Je ne sais pas si on peut appeler ça un pressentiment, ou l’expérience ou du déjà-vu all over again. Faut dire qu’avant de déménager cet été, j’ai dû vendre mon chalet sur le chemin du Pipeline (oui, oui, comme dans y’a un pipeline qui passe sous ta terre). Magnifique endroit, tranquille, belle vue, ciel magique. Mais, bon, pipeline big time, Portland-Montréal. Je m’intéresse donc au dossier depuis une dizaine d’années.
En aménageant pas très loin, près du lac Memphrémagog, je me suis dit, si c’est bon pour les moines de l’Abbaye Saint-Benoît, ça ne peut pas être mauvais pour nous. Coin moins tranquille, plus touristique, chemin passant mais joli ruisseau, maison plus grande. On a brassé les cartes et on a rebrassé les dés, en se disant, si on n’aime pas, on revendra.
Ce matin, je reçois ceci d’un journaliste qui connaît mon intérêt pour les foutus gaz de shitte! Les voilà rendus dans mon village, toi! Je ne me sens pas plus attaquée qu’avant soit dit en passant, j’avais vu venir, je vivais sur un pipeline, j’ai déménagé en me disant que n’importe quoi pouvait arriver, une compagnie minière, une école de parachutisme, des éoliennes, un chenil de Dobermans.

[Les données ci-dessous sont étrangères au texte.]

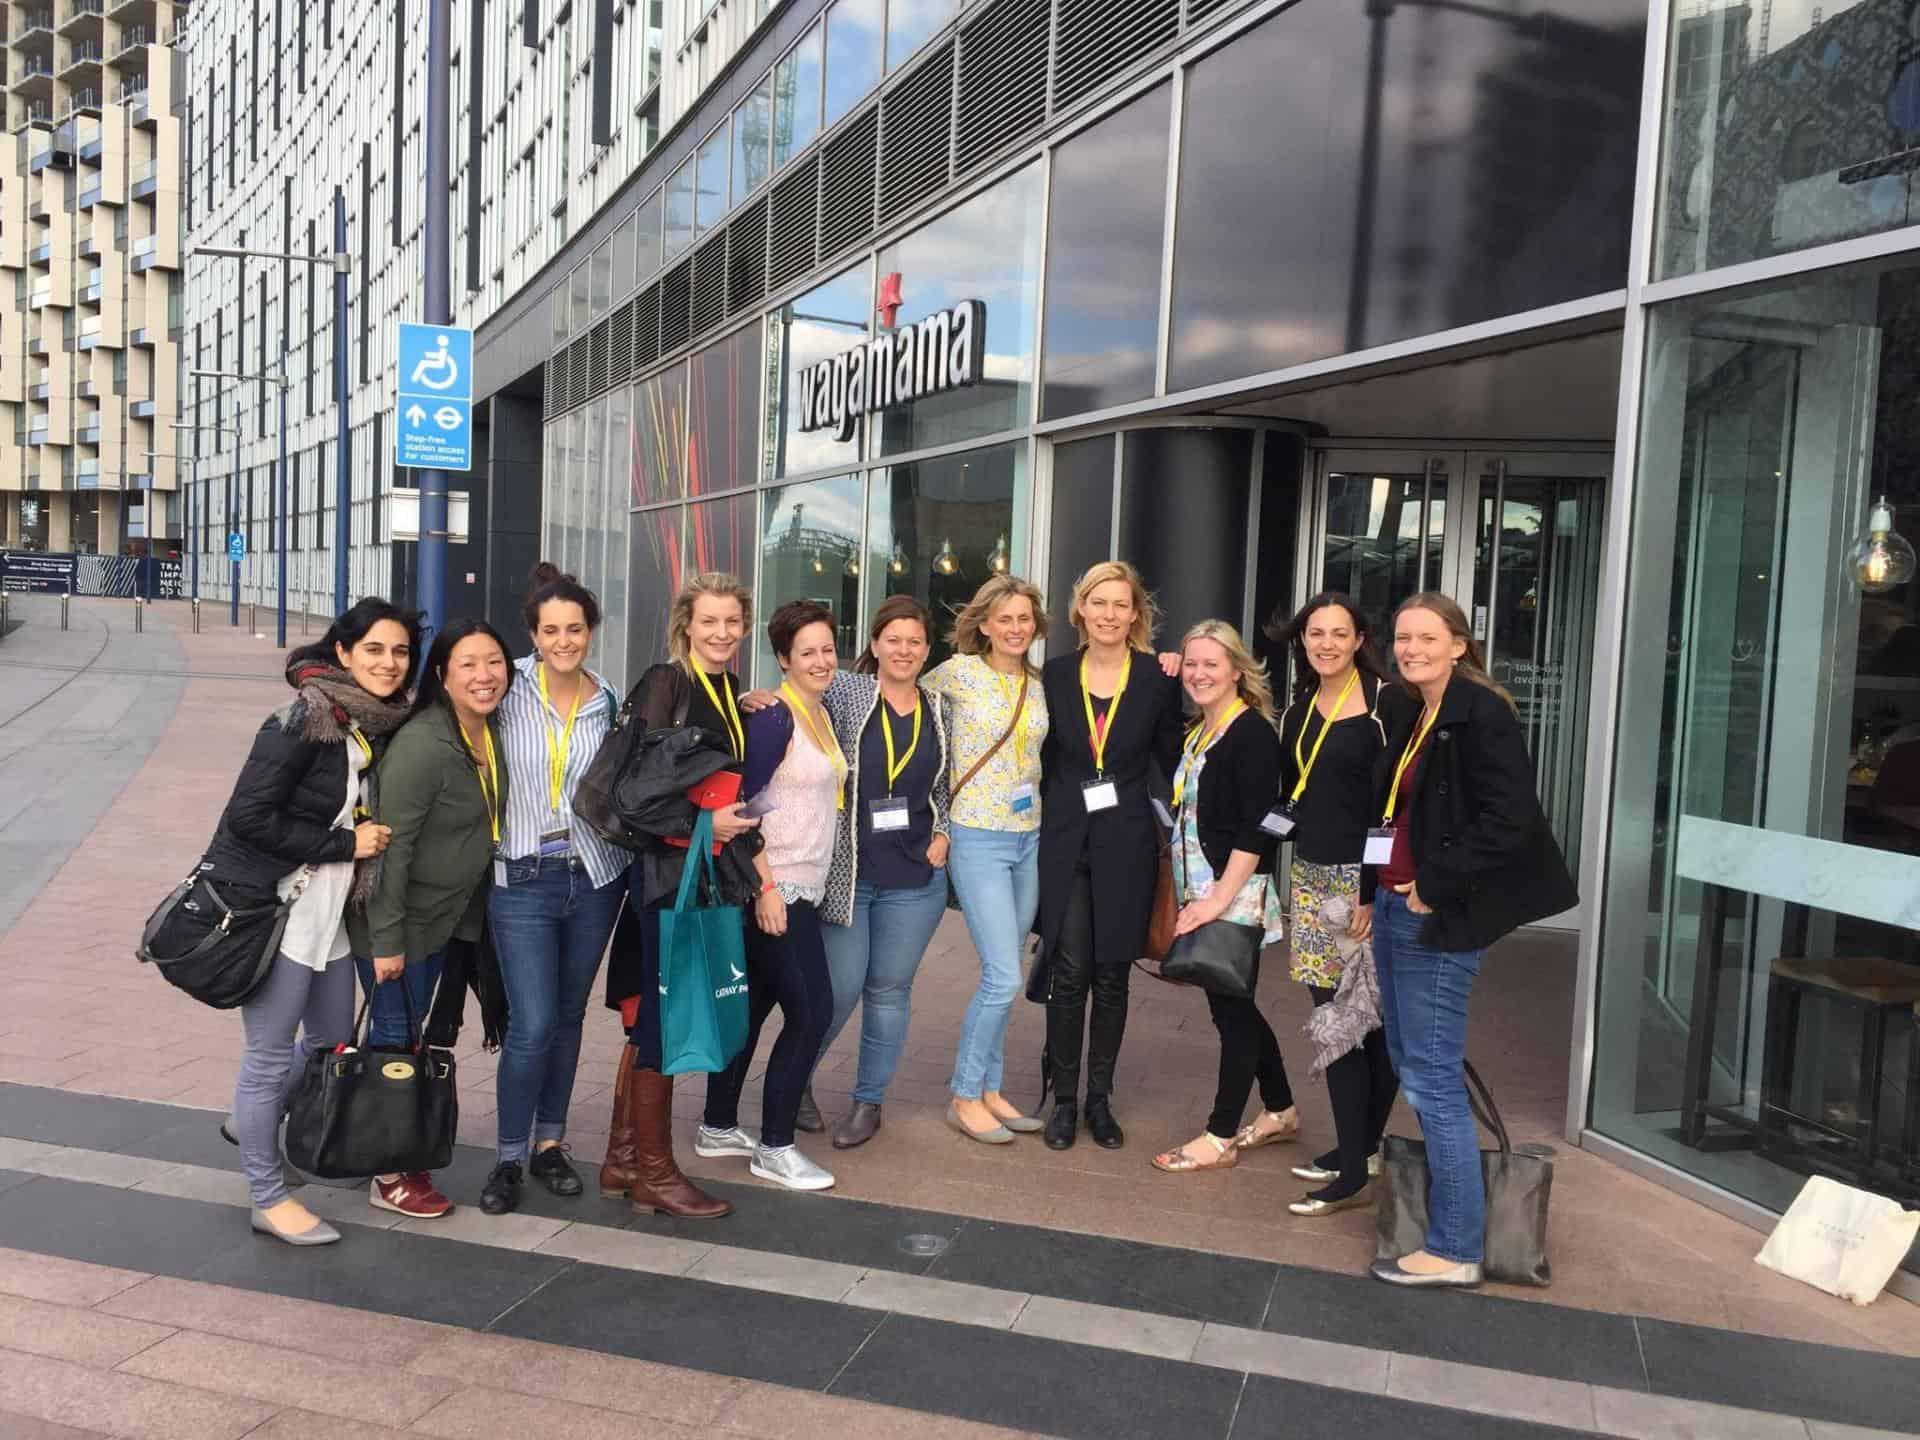 Traverse 2017 family travel bloggers

Ce sera probablement les gaz de schiste, et dans le centre d’un village historique par-dessus le marché. De toute beauté. Je songe aux Bénédictins qui à deux kilomètres de là, tentent de couler des jours tranquilles sur le bord d’un lac déjà surexploité par la civilisation des loisirs à moteurs. Eux non plus ne peuvent pas revendre.
Je songe à tous ces moines qui depuis le début du siècle dernier tentent en vain d’avoir la paix, témoins du massacre (et le mot n’est pas trop fort) qui s’est opéré autour d’eux. Ils doivent se dire qu’ils sont punis pour tous leurs péchés de vanité, d’orgueil, de gourmandise ou pire, je n’ose imaginer, de plaisirs solitaires… Façon judéo-chrétienne de concevoir les choses.
Dom Delorme, priez pour nous, pauvres mortels, nous en avons grand besoin. Et une fois n’est pas coutume, j’irai même m’user les genoux dans votre magnifique chapelle en espérant que le ciel est témoin de mes efforts. Tout ça, c’est de ma faute, je vous ai apporté la guigne. J’ai trop péché mon père.